::: Collected material :::

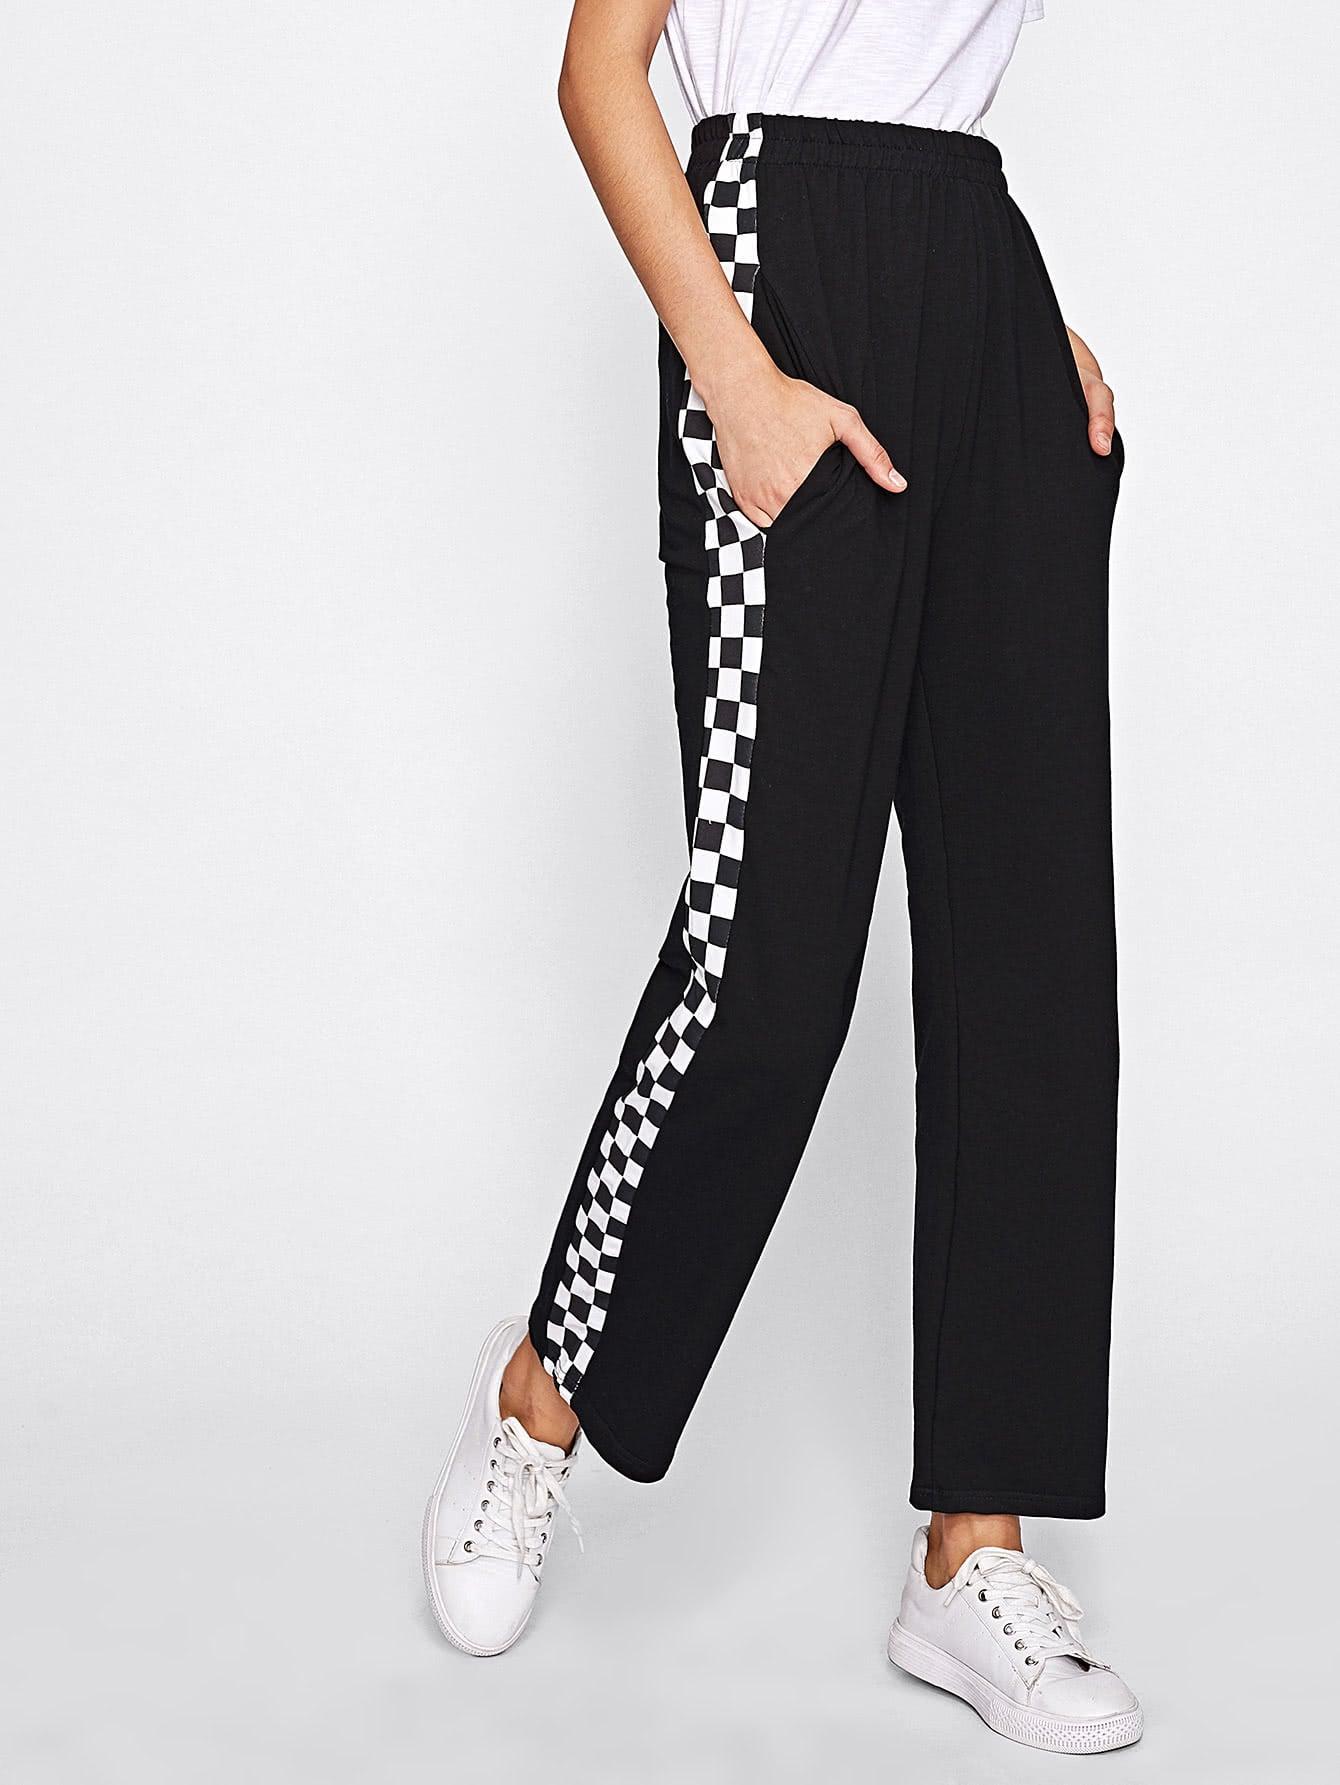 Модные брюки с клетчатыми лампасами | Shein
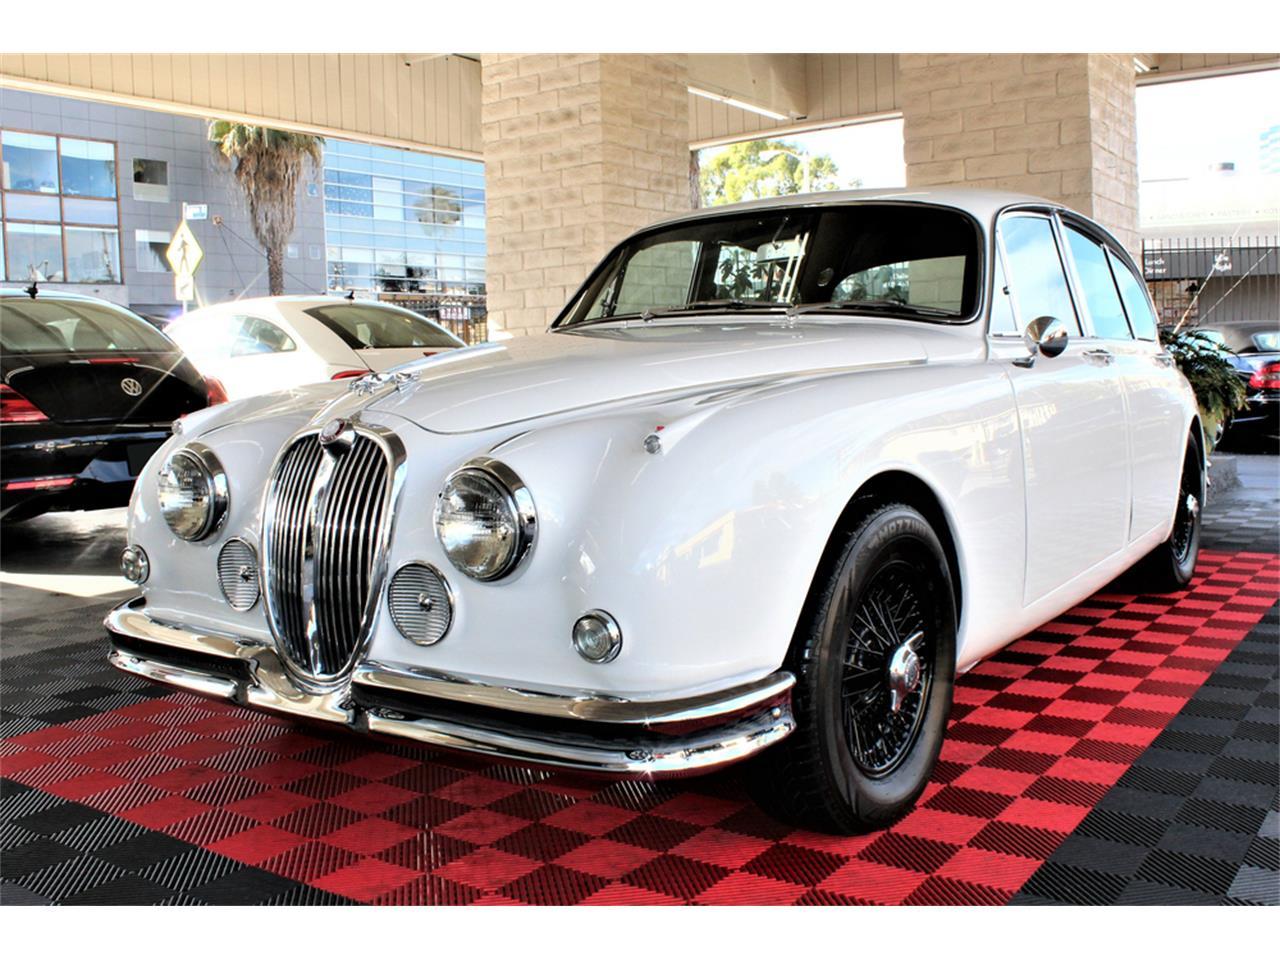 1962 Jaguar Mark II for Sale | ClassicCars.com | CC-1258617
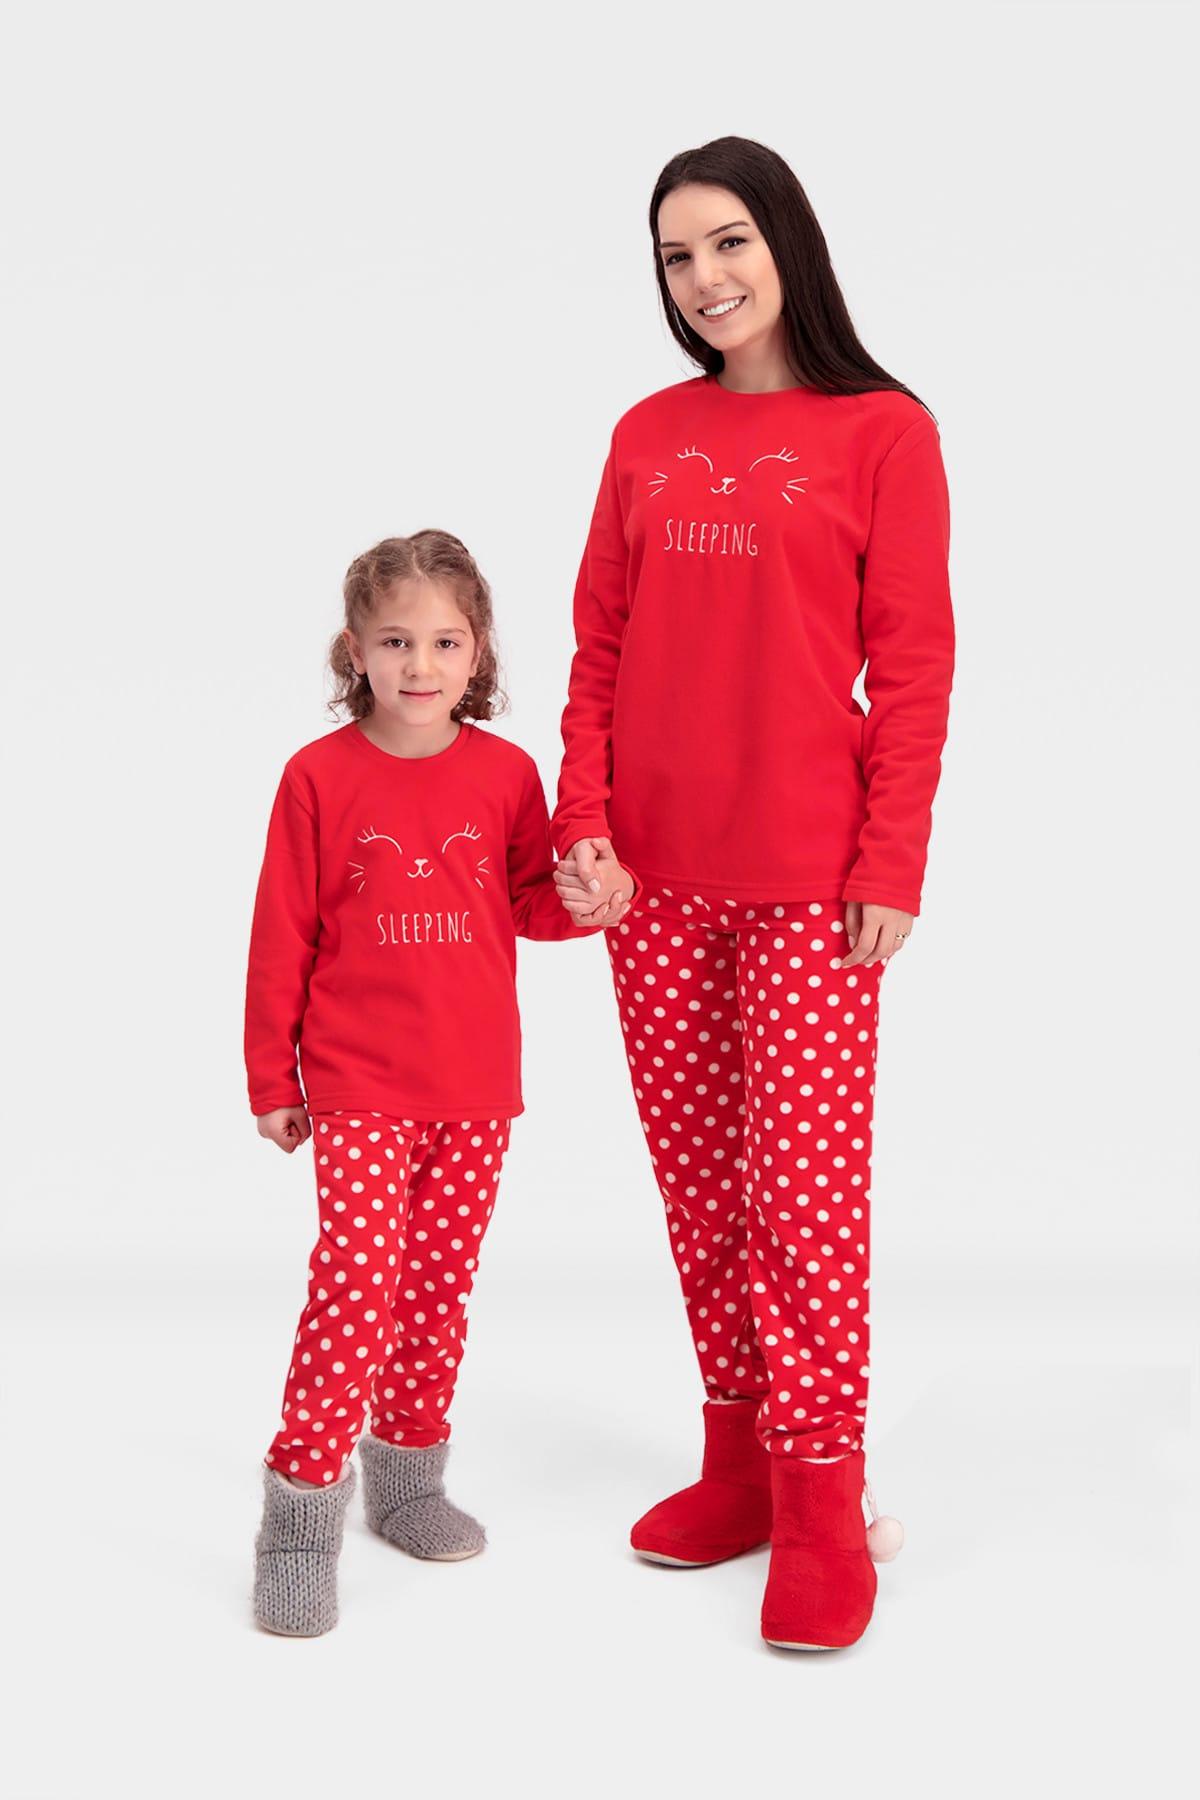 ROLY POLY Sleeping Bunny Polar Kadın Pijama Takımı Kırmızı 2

:::

-- Problem requirements --
Repeat the material exactly. Any picture in it should be dropped.

-- Exercise response --
 Модные брюки с клетчатыми лампасами | Shein
 1962 Jaguar Mark II for Sale | ClassicCars.com | CC-1258617
 ROLY POLY Sleeping Bunny Polar Kadın Pijama Takımı Kırmızı 2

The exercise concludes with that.